Cas took a deep breath, took another step back and clenched his fists.

Dean threw the knife and it sailed way off target, hit the wall and clattered the ground. Both he and Cas just looked at it silently. Then Cas spoke.

“Don't despair, you have a lot of potential,” Cas said.

“You think I suck,” Dean returned. “I can just hear it in your voice, you think I suck at this.”

“No,” Cas said, “why would I think you suck at this? You just clearly have a bad stance and no ability to aim properly.”

“Here we go,” Dean said, “come on, this is just like when you thought I was supposed to automatically know how to use that coke machine with the billions of choices and no clear instructions.”

“I love that machine,” Sam said, “I love cherry Sprite.”

“Hey, you shut up,” Dean told him, “it's not a clear cut and dried experience, okay?

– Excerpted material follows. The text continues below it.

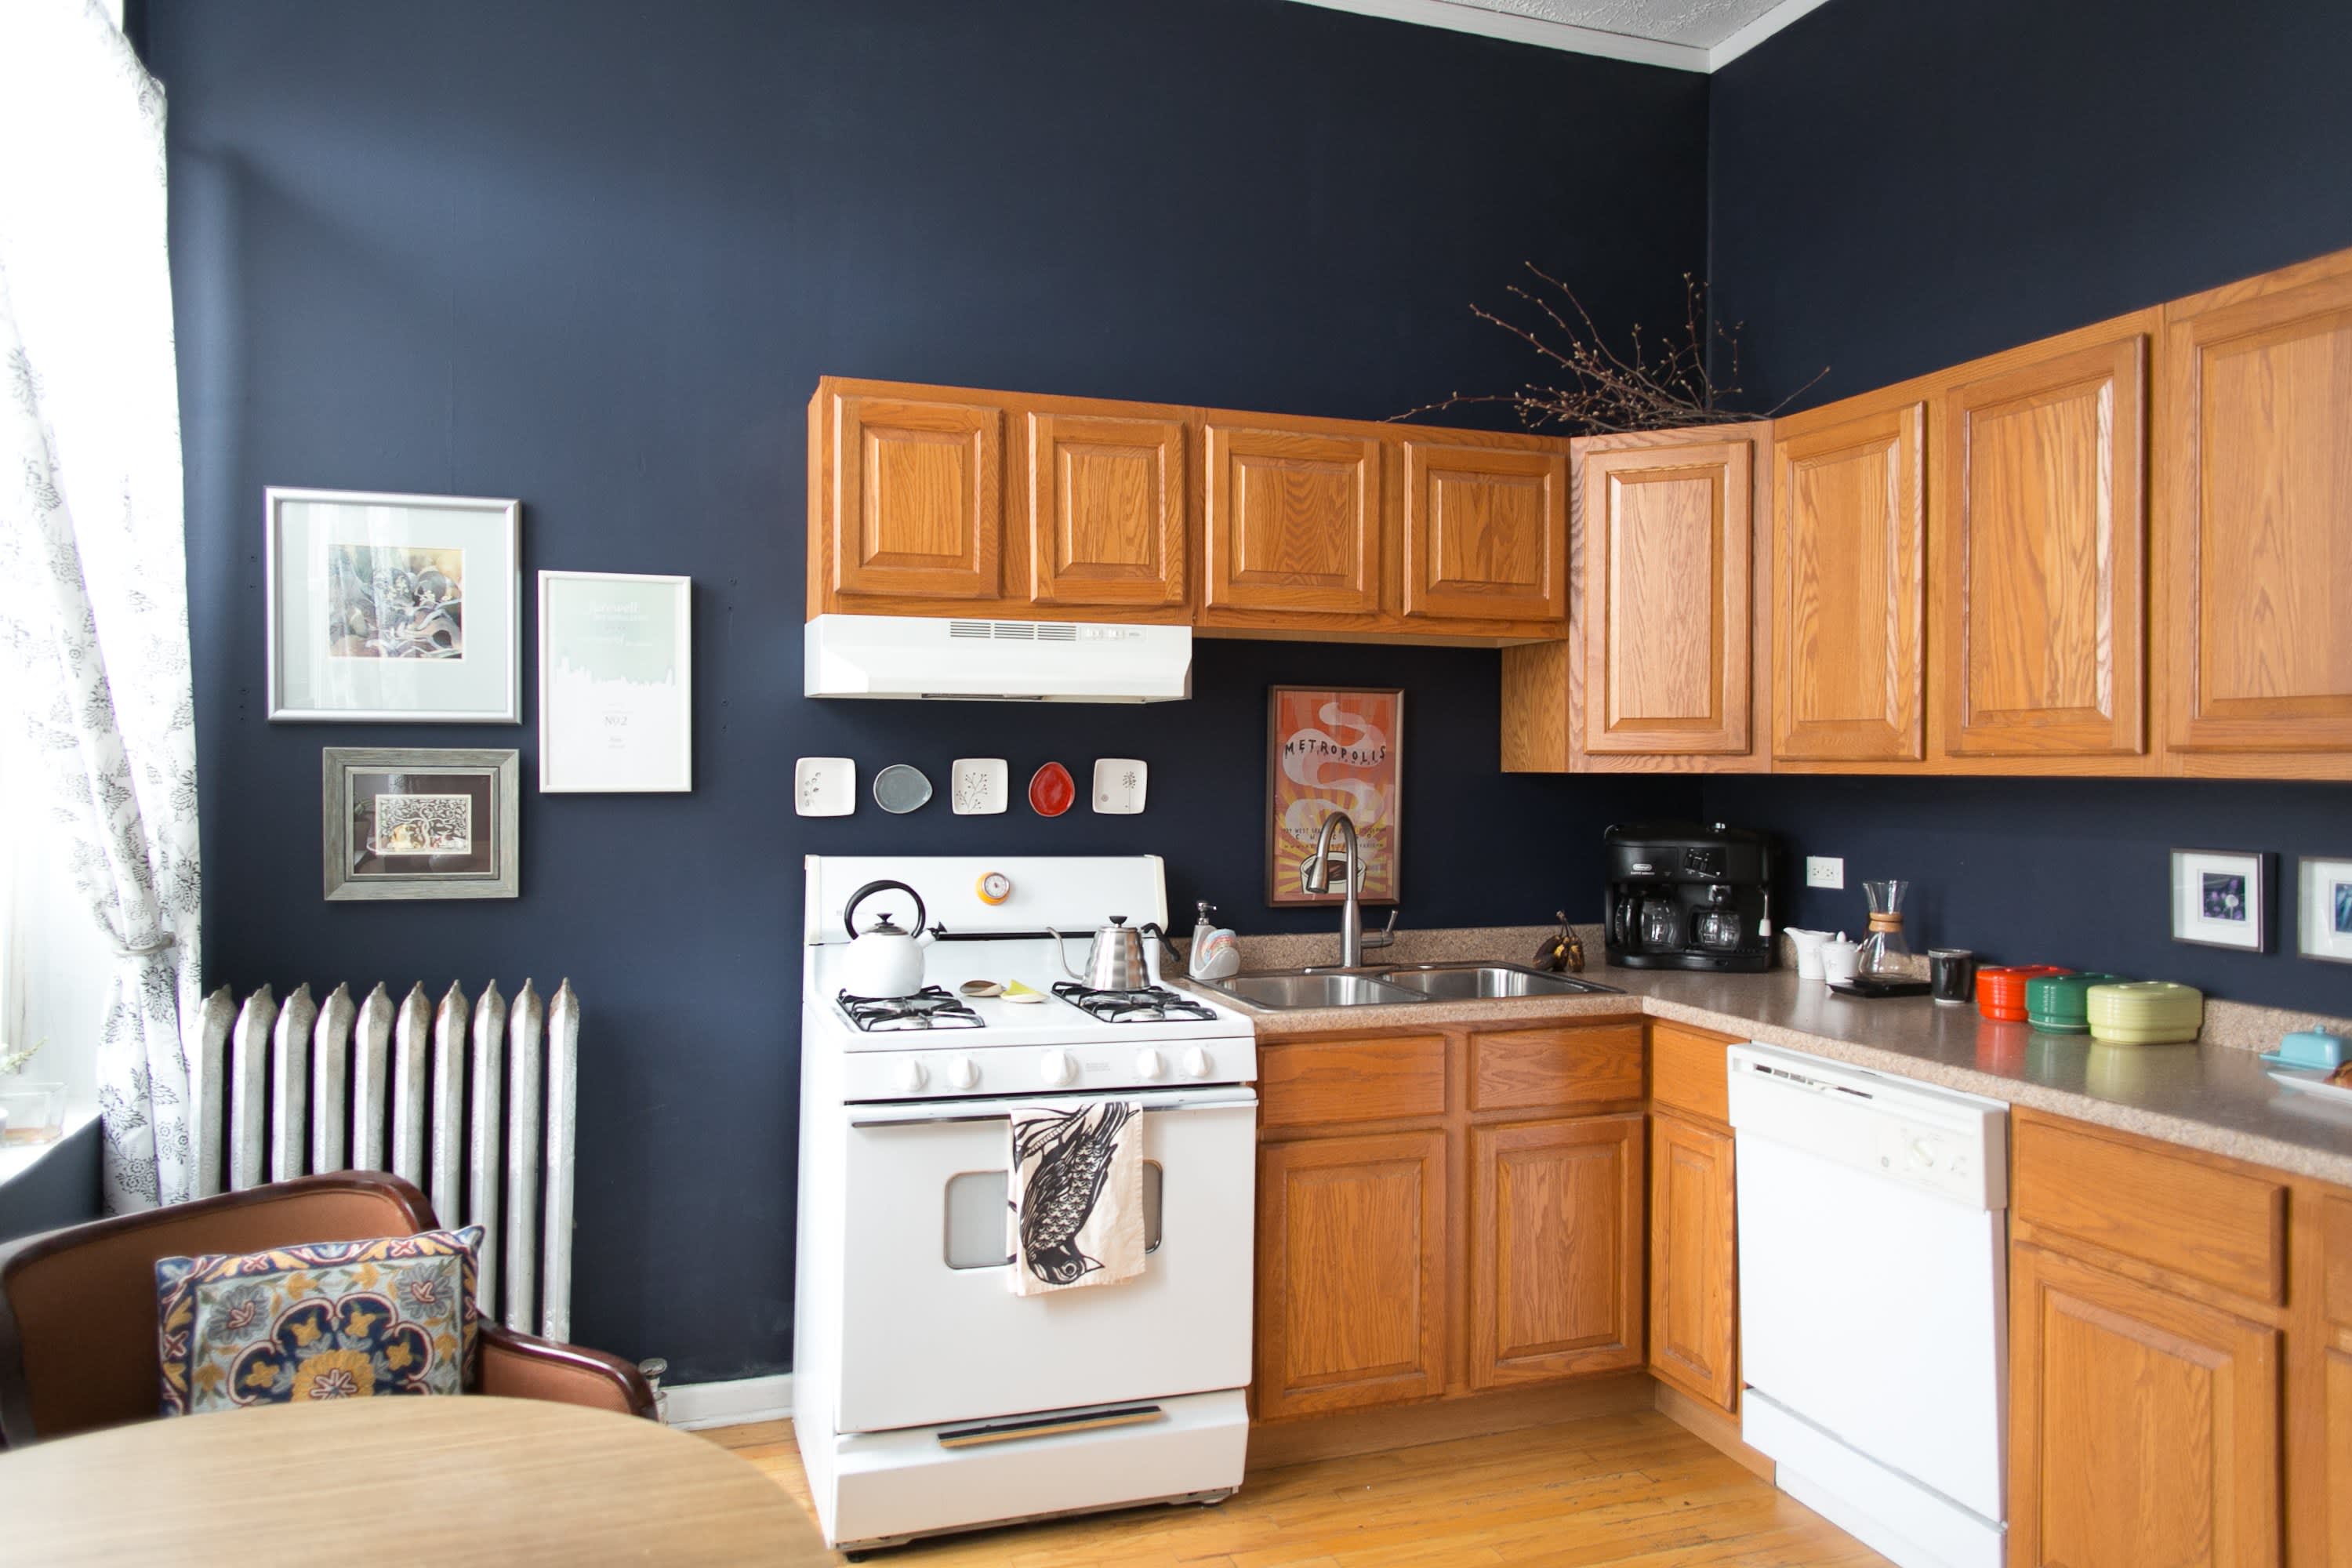 kitchen color ideas with oak cabinets and black appliances

And no one there was willing to give me any advice.”

“I was,” Cas said, “but you told me there would be no way I'd know how to work it, being something of an isolationist and hostile to changes to my funny little routine. That's a direct quote.”

“Rub it in, go ahead, both of you, rub that in,” Dean said. “The fact of the matter is I can never show my face in that Five Guys Burgers ever again.”

“It's a shame,” Sam said, “they are really good.”

“Sam and I think of you when we eat there without you,” Cas said.

“Nice,” Dean said, “thanks. Okay, lesson over for today.”

“But, Dean,” Cas appealed, “you haven't hit the target once. If you hit the target, Sam and I will go to Five Guys and get you a burger.”

“And an orange Sprite,” Sam promised.

“You know what, I don't need your pity,” Dean told them, “I make damn fine burgers on my own.”

“The have amazing fries,” Sam said, not to argue, but really, to argue. “You make good fries, too.”

“I think Dean's cooking is superior to any of the food we eat in establishments outside the bunker,” Cas said. “I prefer it and I'm always somewhat disappointed when we go out.”

Dean worked his jaw, stood there a moment, went to get the knife. “Okay, let's do this until I hit it at least once,” he told Cas as he went.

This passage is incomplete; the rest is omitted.